Increased Levels of Anxiety and Depression.

That these are effects of social media and polarised information sources is measured and well documented. Try your own search (hopefully on duckduckgo or another relatively safe alternative) and you will find more data. We may not follow add links, but even the suggestions offered to us on autocomplete or ‘recommended for you’ are designed to drive polarisation and as a result, discord and disharmony and outrage.

Suicides, including child suicides.

(42:20) Its plain as day to me. These services are killing people… and causing people to kill themselves.

Tim Kendall. Former Director of Monetization at Facebook, Former President Pinterest. CEO Moment.

Again, this data is well documented and researched, it is killing people. The Nashville bomber at least didn’t kill anyone else, but it was still suicide.

A lowering of future education outcomes.

Students cannot spend, 2,3 or even 4 hours a day on social media and other tech sites without it taking some time from their studies. Will an A.I. programming trying everything to produce greater ability to influence people, find people introduced to academic topic, or to lizard people theories and cat videos, are easier to influence. Not everyone will have a reduced academic outcome, but overall society, it must have an impact.

The potential failure of democracy.

Look little further than the US election of 2020. This is the logical outcome of the loss of a free press. News services that deliver only one slant of the news are the realm of dictatorships, yet that is exactly what ‘free’ technology news services deliver.

Rupert Murdoch has long been considered a threat to democracy, but the potential threat from a media baron pales in comparison with the potential threat from a ‘tech media baron’. At the outset of this exploration, it is noted how tech started with idealism. But then, power has been known to corrupt.

A world where personal safety can be threatened by people convinced of conspiracies.

I already mentioned the Nashville bomber, although he did not kill anyone else, there was a threat to the safety of others. How many mass shootings are the result of people being polarised online? If online companies are still growing, logically online polarisation must also grow.

Conclusion.

There is no such thing as a free lunch.

Every ‘free’ service, from the messaging engines, to the phone and video calls, to the videos available to be watched, all cost money, and are not provided by benevolent charitable organisations, but the richest companies in human history. To get so rich, these companies generate a lot of revenue for each dollar they spend, which means, in effect we are paying a significant mark-up and inflated price on every service they provide. In reality, we would all be paying far less if how much we were paying was transparent, but in the end, these huge fortunes can only be generated us paying.

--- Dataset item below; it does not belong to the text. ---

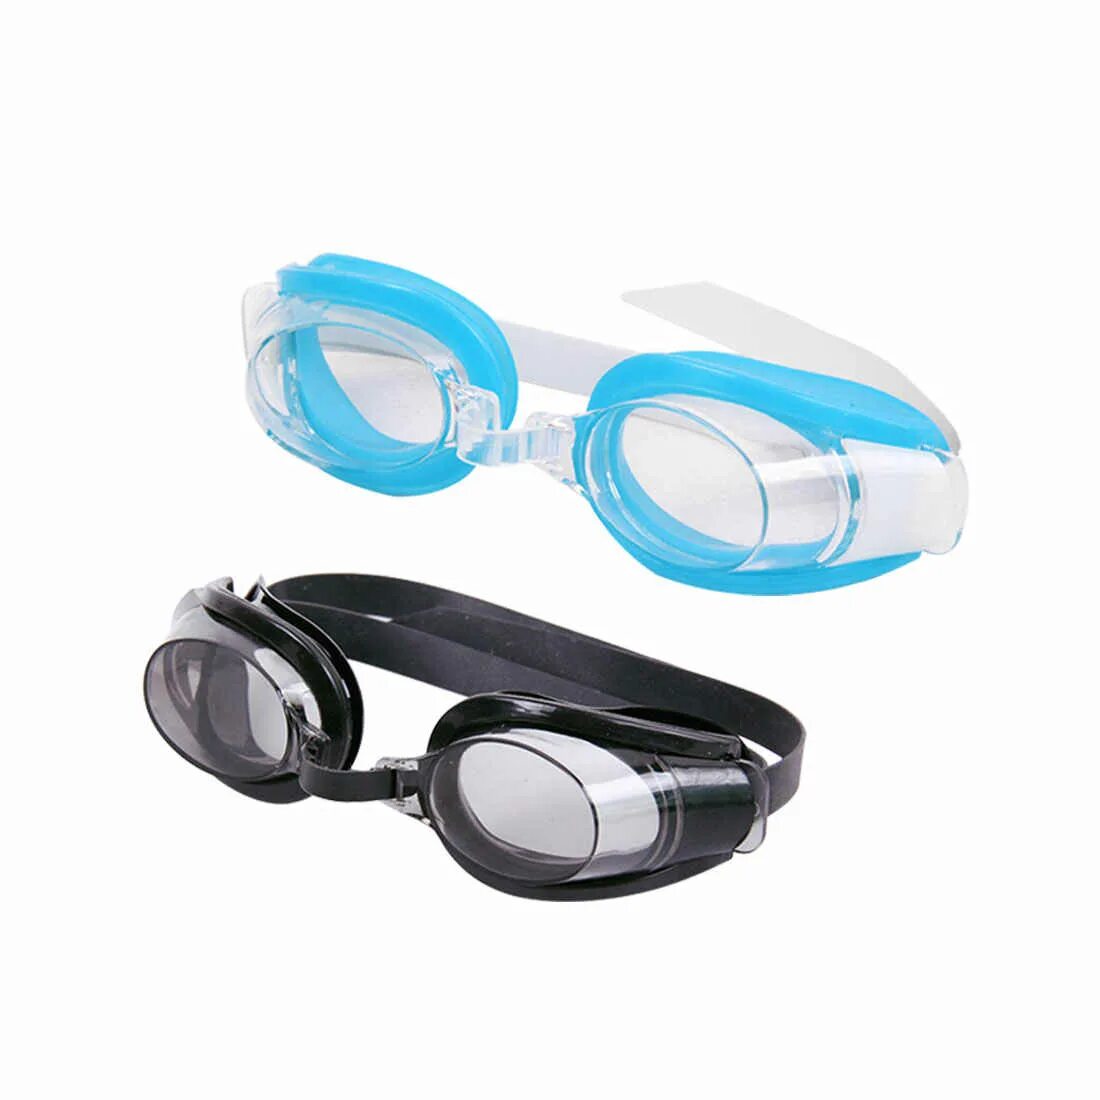 Очки для бассейна. Очки с берушами защитные. Плавательные очки с воздухом. Очки защита для бассейна.
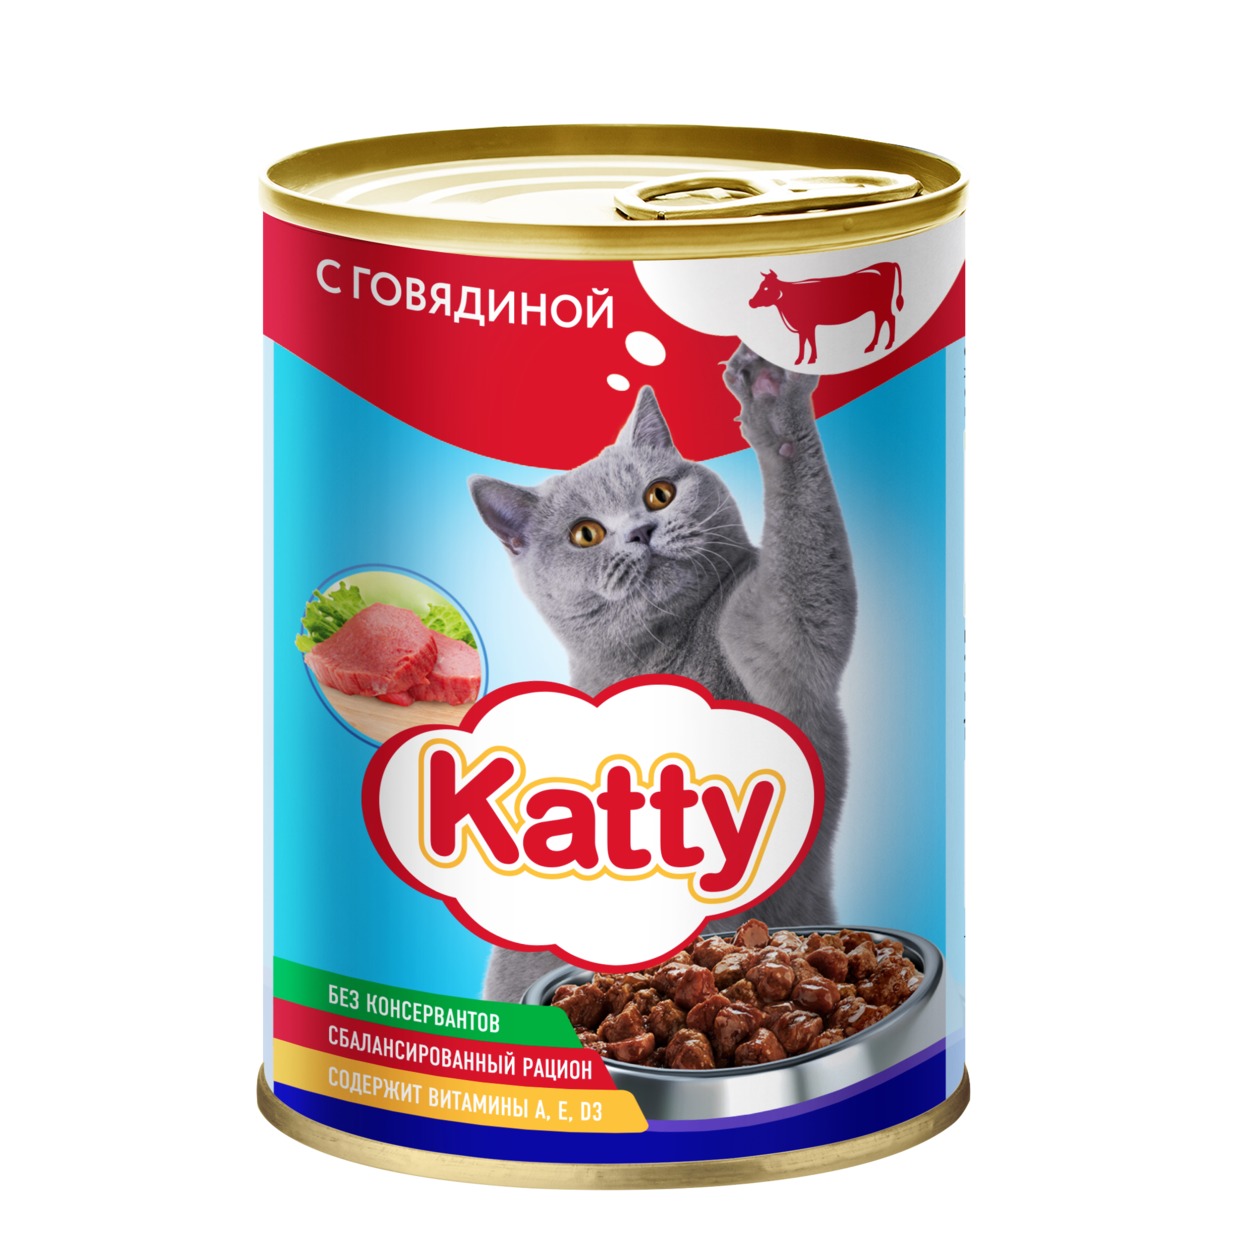 Katty Корм консервированный полнорационный для кошек с говядиной в соусе, ж/б 415 гр. по акции в Пятерочке

It is like eating in a restaurant where the prices are not on the menu. You need to be prepared to pay at some point.

There are variation on the monetization. Both Apple and Amazon have the ultimate optimization where in place of advertisement revenue that is accepting payment to manipulate you into spending on other products, their manipulation is designed to ensure you spend your money with them. Apple benefits by polarising the world into ‘Apple people’, who will purchase an expanding range of Apply products and ‘non-Apple people’, with less communication between the two groups to increase polarisation. Amazon wants you to buy everything from Amazon, and earn sales margins in place of advertising fees.

But in the end, every ‘free’ service, game, online forum, messenger etc, has some path to money that the people using the service will overall pay, and possibly at great cost. We may feel we are immune and only others are affected, or we will still be caught by the costs of marketing that are reflected in what we buy, but like climate change, it takes everyone to act, so my individual actions do not matter, but we should at least be aware. Aware that we are progressing in the direction of a world of dumbed down, less educated wage slaves only seeing the information provide by our technology overlords who collect a percentage of everything we earn. How far should we allow this to progress?